Иметь убеждения и не питать иллюзий
У меня всегда были убеждения. И я за них держусь. Это очень важно: иметь убеждения. Да, иметь убеждения и не питать иллюзий. Хотя правильно говорят: необходимо очень много времени, чтобы убеждения, которые мы приобрели, стали нашей плотью. На это надо уметь тратить время и силы. Это работа и умственная, и общественная. Мои убеждения проявлялись в том, что я предлагал. Это было нужно стране. Поскольку ни демократии, ни нормальной обстановки для людей не было. Люди выталкивались из политики. И отовсюду. Просто были заложниками у меняющихся элит.
О предательстве
Самые тяжелые страницы моей президентской жизни и деятельности – это предательство. (Пауза.) А потом мне стали приписывать предательства… Я предал страну. Отдал то, отдал это. Кому‑то отдал Польшу, кому‑то – Венгрию… Как будто это было наше имущество. Да, такой взгляд сейчас у людей власти или около власти.
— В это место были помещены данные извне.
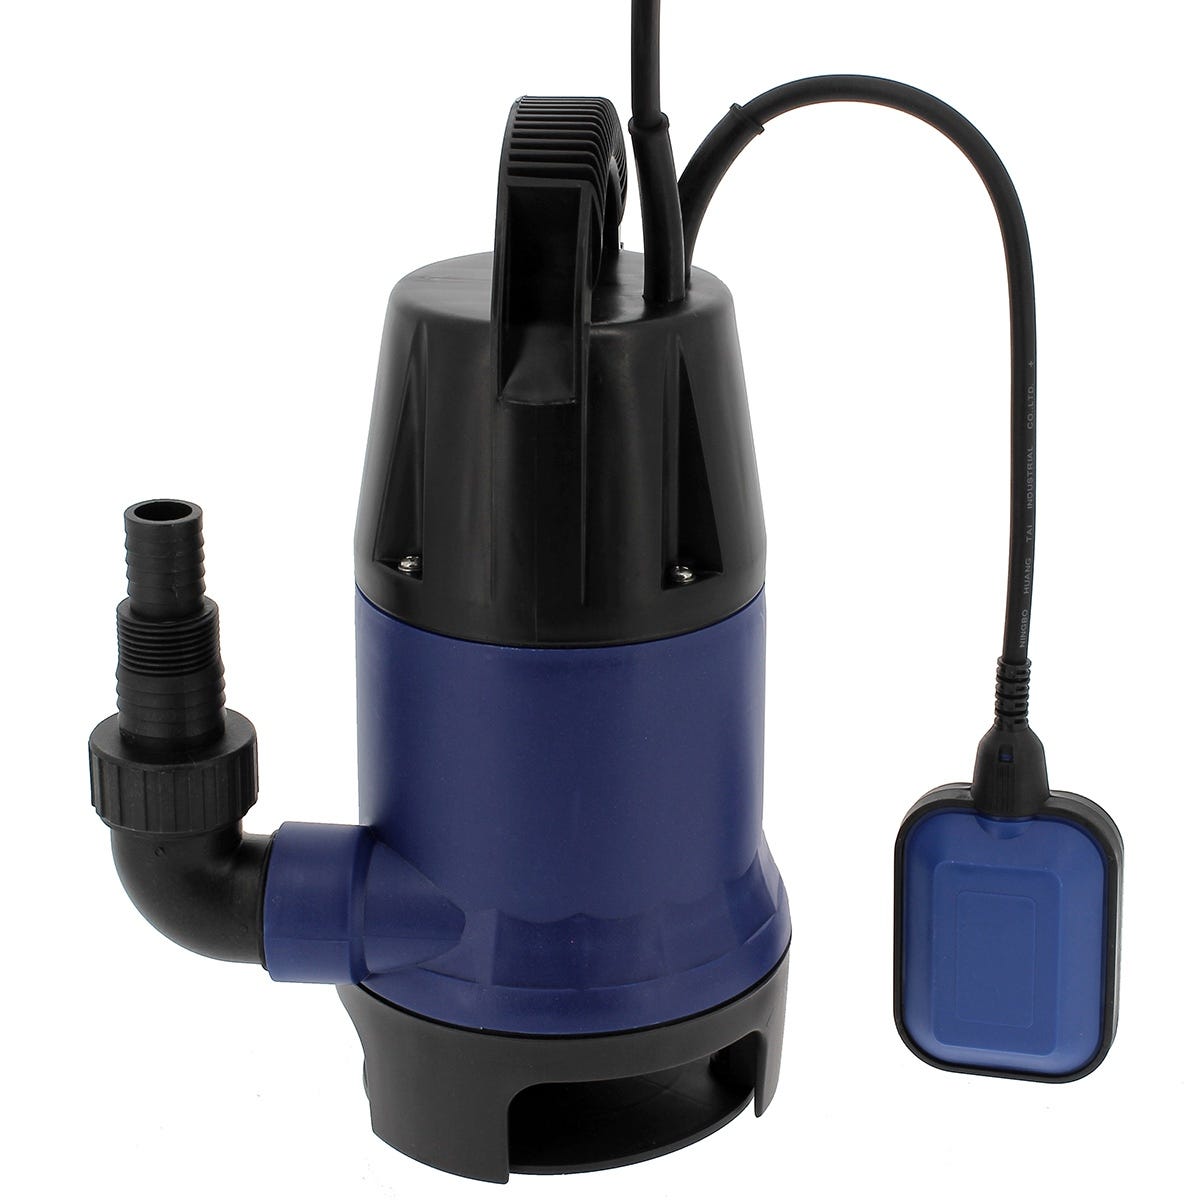 Beiser environnement - Pompe immergée inox 1,5 KW 220 V avec flotteur 2  kit - Contact au 0825 825 488

Но кому мы отдали Польшу? Полякам. Кому Венгрию? Венграм. Не инопланетянам же.
О профессиональных патриотах
Я вижу, как сходка патриотов сейчас крутится около трона, сбивает с толку. Вижу этот профессиональный патриотизм. Кто это сказал: «Патриотизм – это прибежище негодяев»? А вот Наум Коржавин правильно сформулировал: «Патриотизм – это любовь. А не способ самоутверждения». Я думаю, со временем всё станет на свои места. Но я до этого времени уже не доживу.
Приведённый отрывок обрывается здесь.